**ACTION ITEM**
Repeat all of the records word for word, but skip any picture.

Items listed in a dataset
· · · · ·

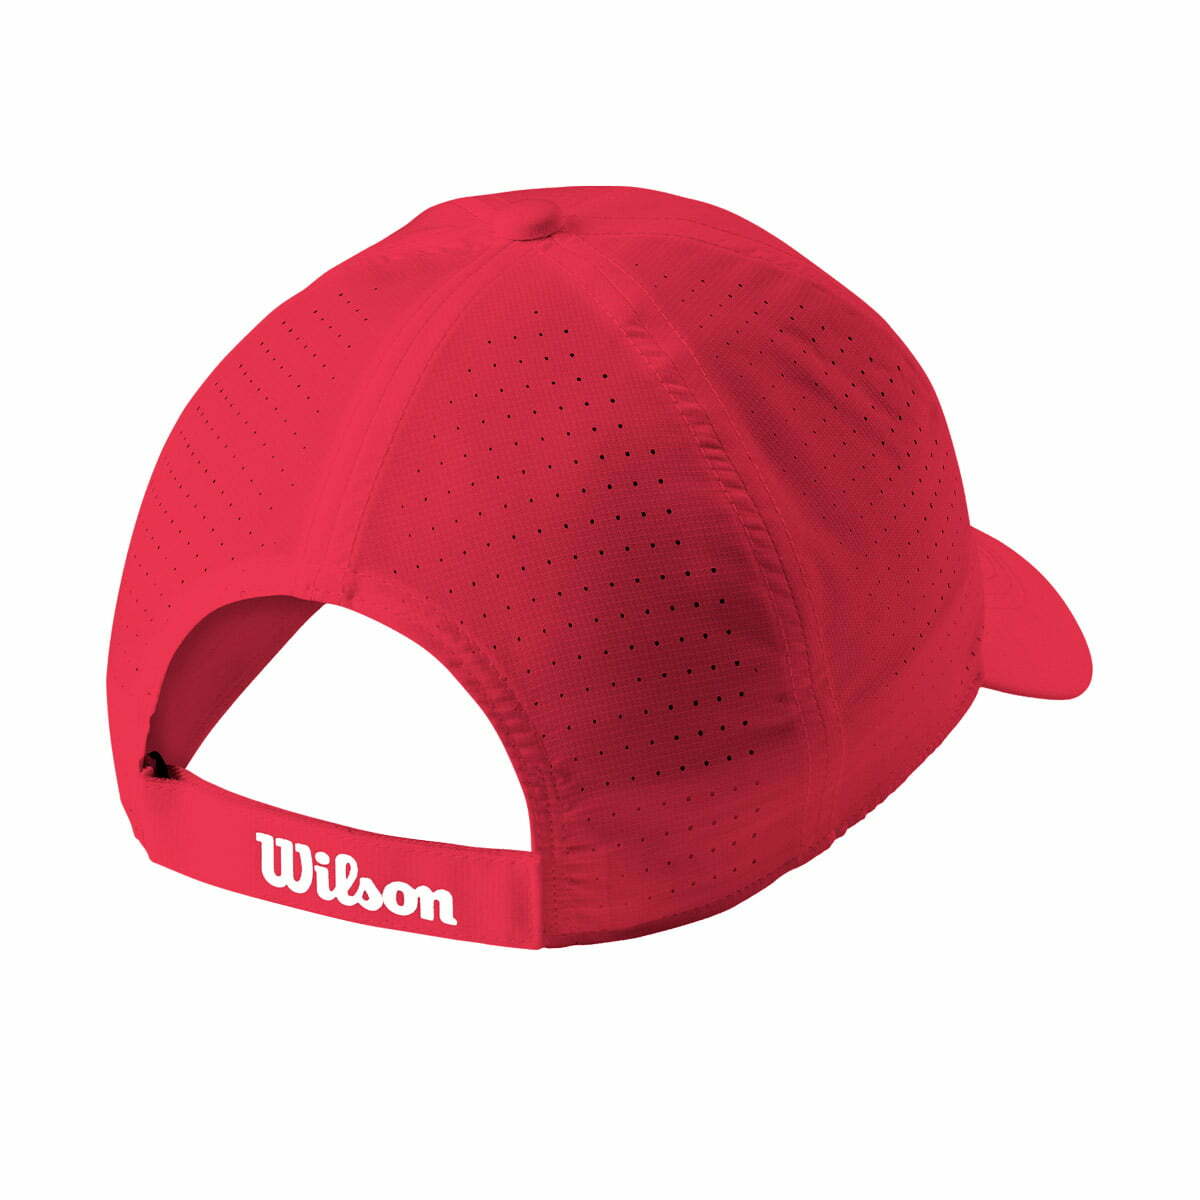 Wra777105 1 Ss19 Accessories Ultralight Tennis Cap U Red White Back1.jpg
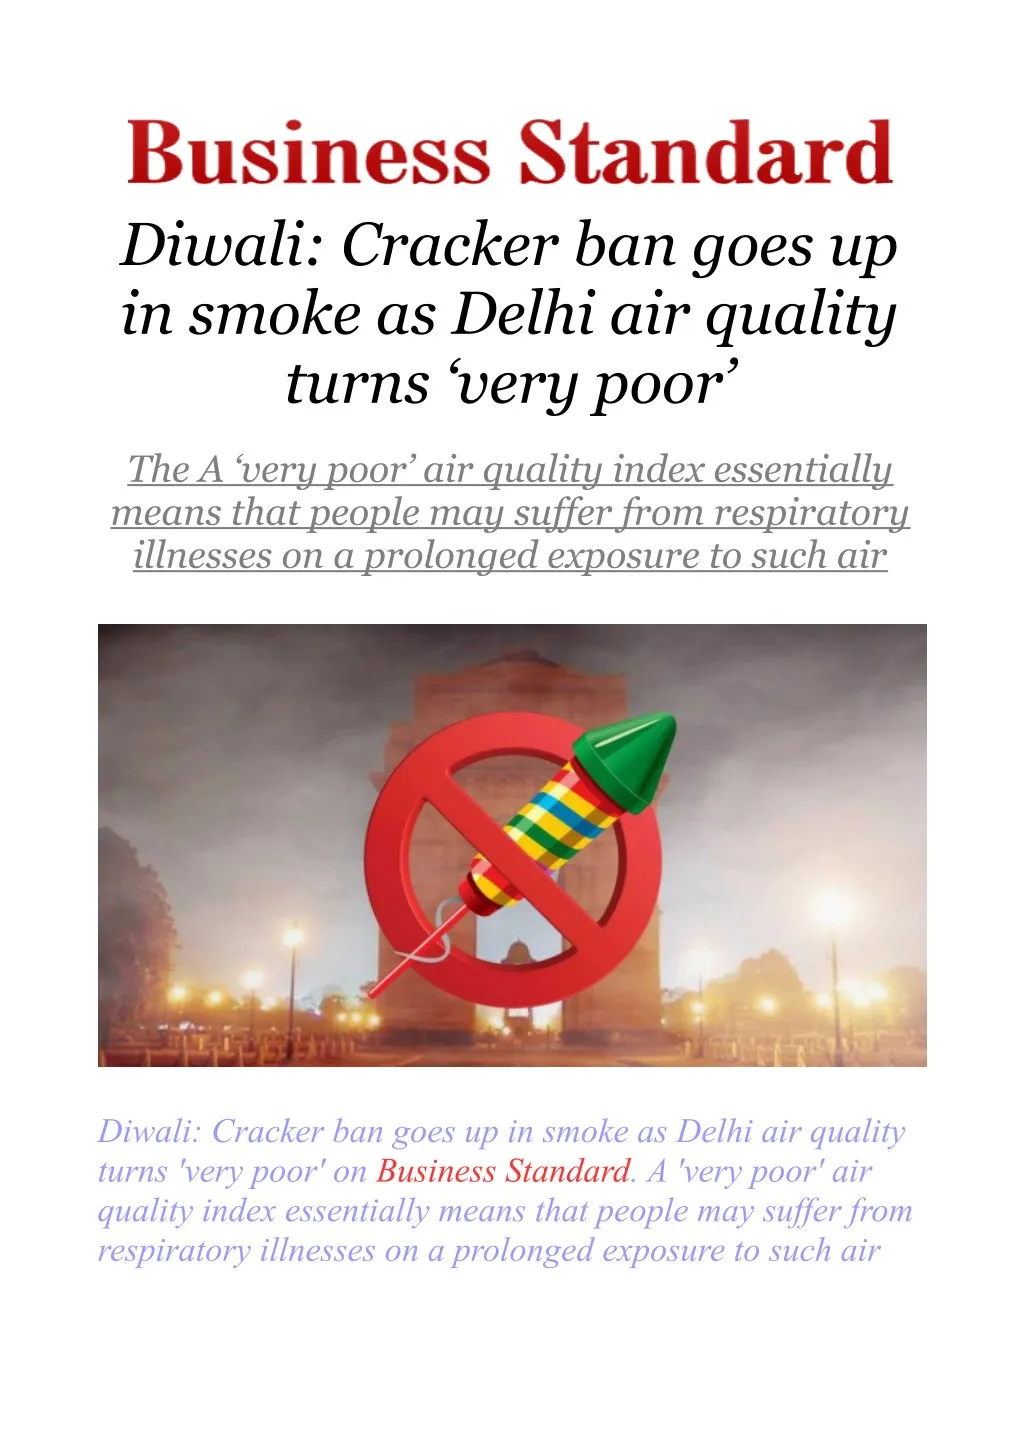 diwali cracker ban goes up in smoke as delhi
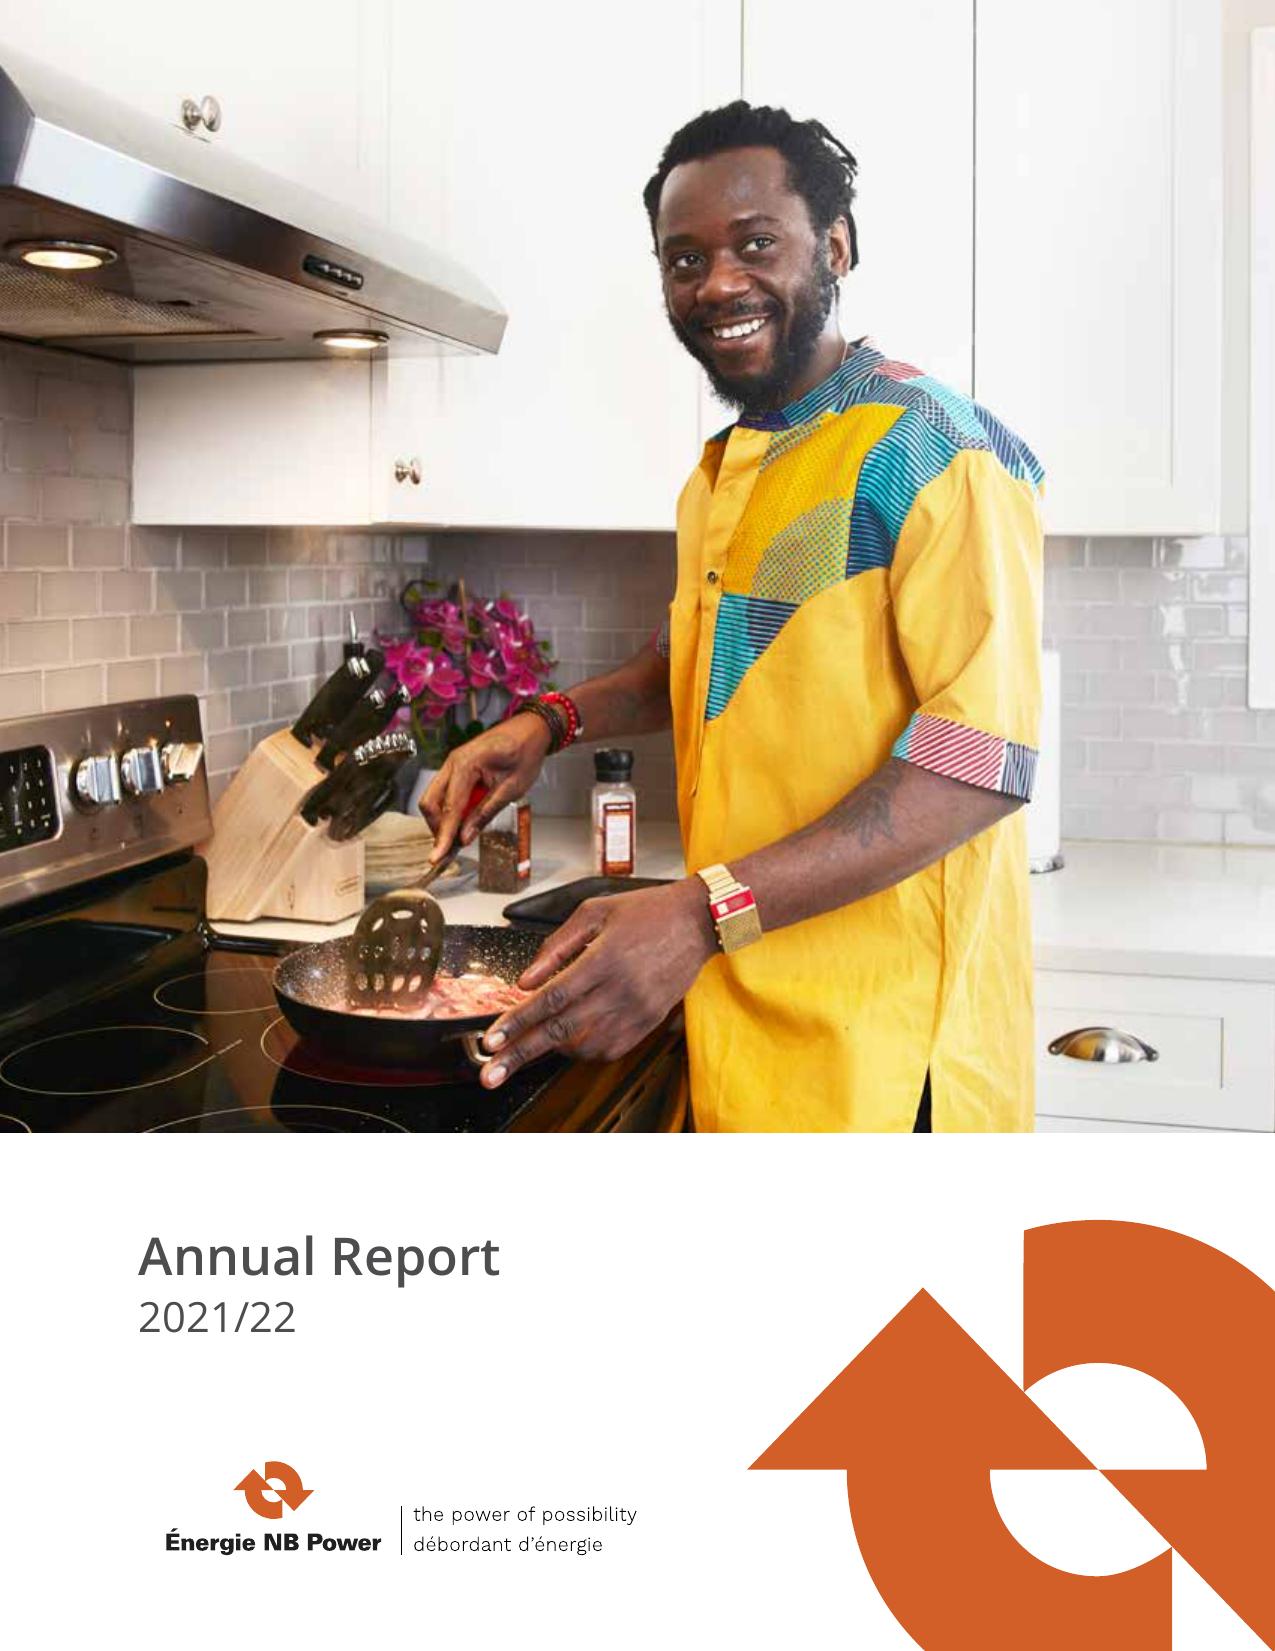 GOV.NL 2022 Annual Report
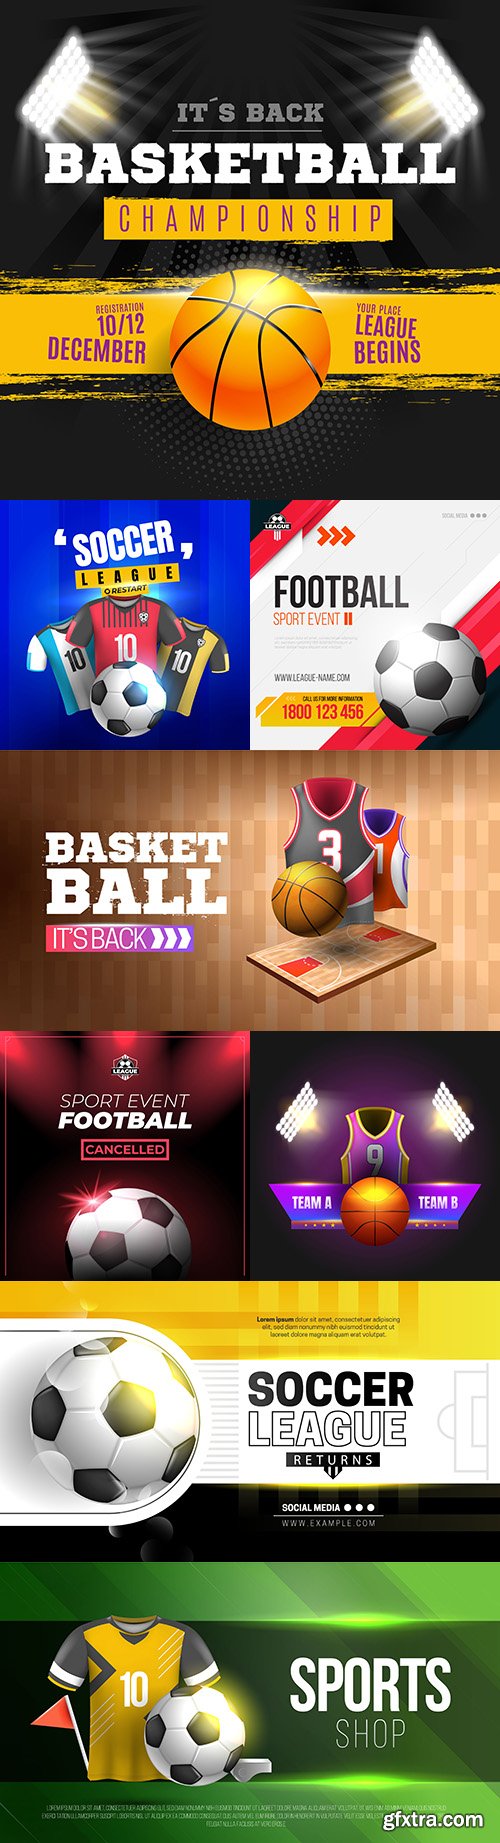 Basketball and football league design sports banner
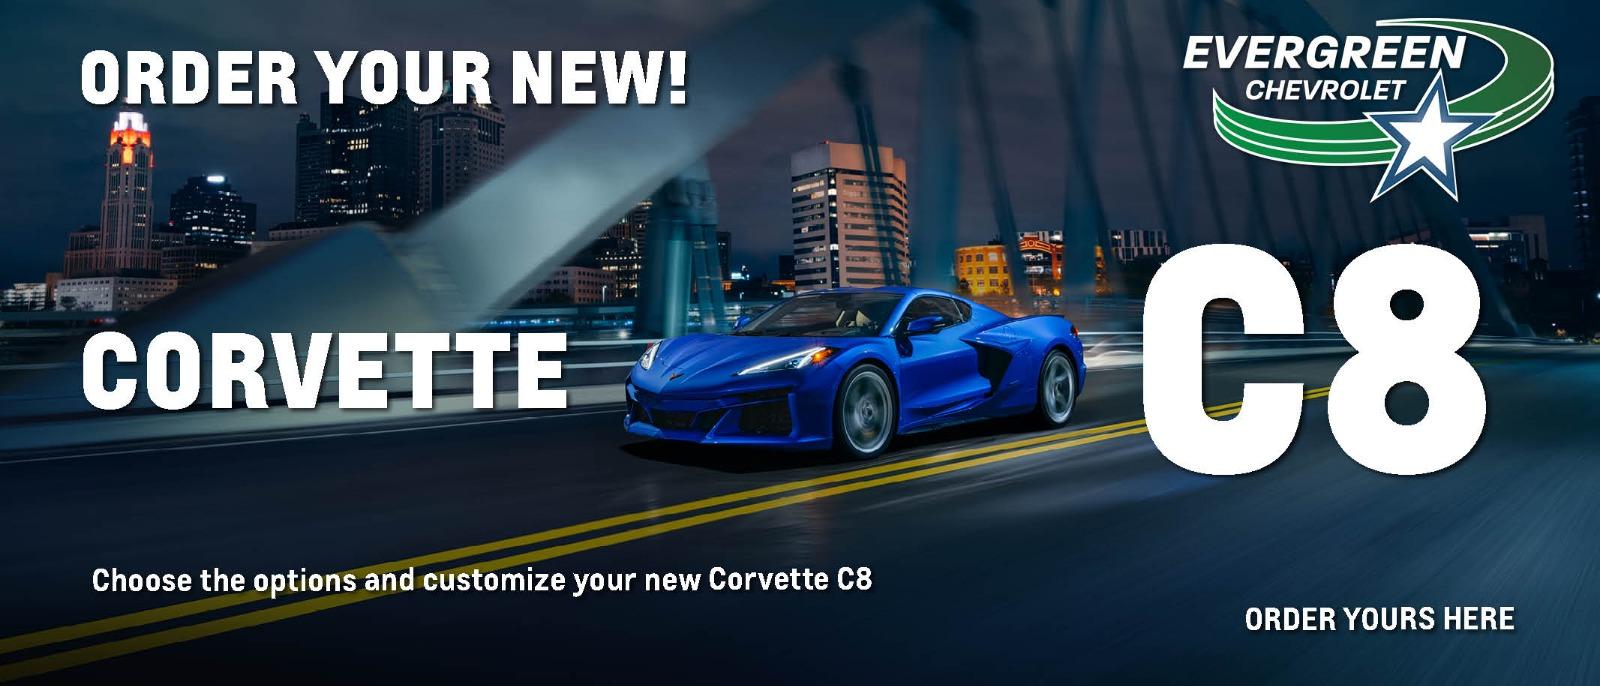 Reserve your new Corvette

· · · · ·

**RESULT OF THIS TASK**
 Wra777105 1 Ss19 Accessories Ultralight Tennis Cap U Red White Back1.jpg
 diwali cracker ban goes up in smoke as delhi
 GOV.NL 2022 Annual Report
 Basketball and football league design sports banner
 Reserve your new Corvette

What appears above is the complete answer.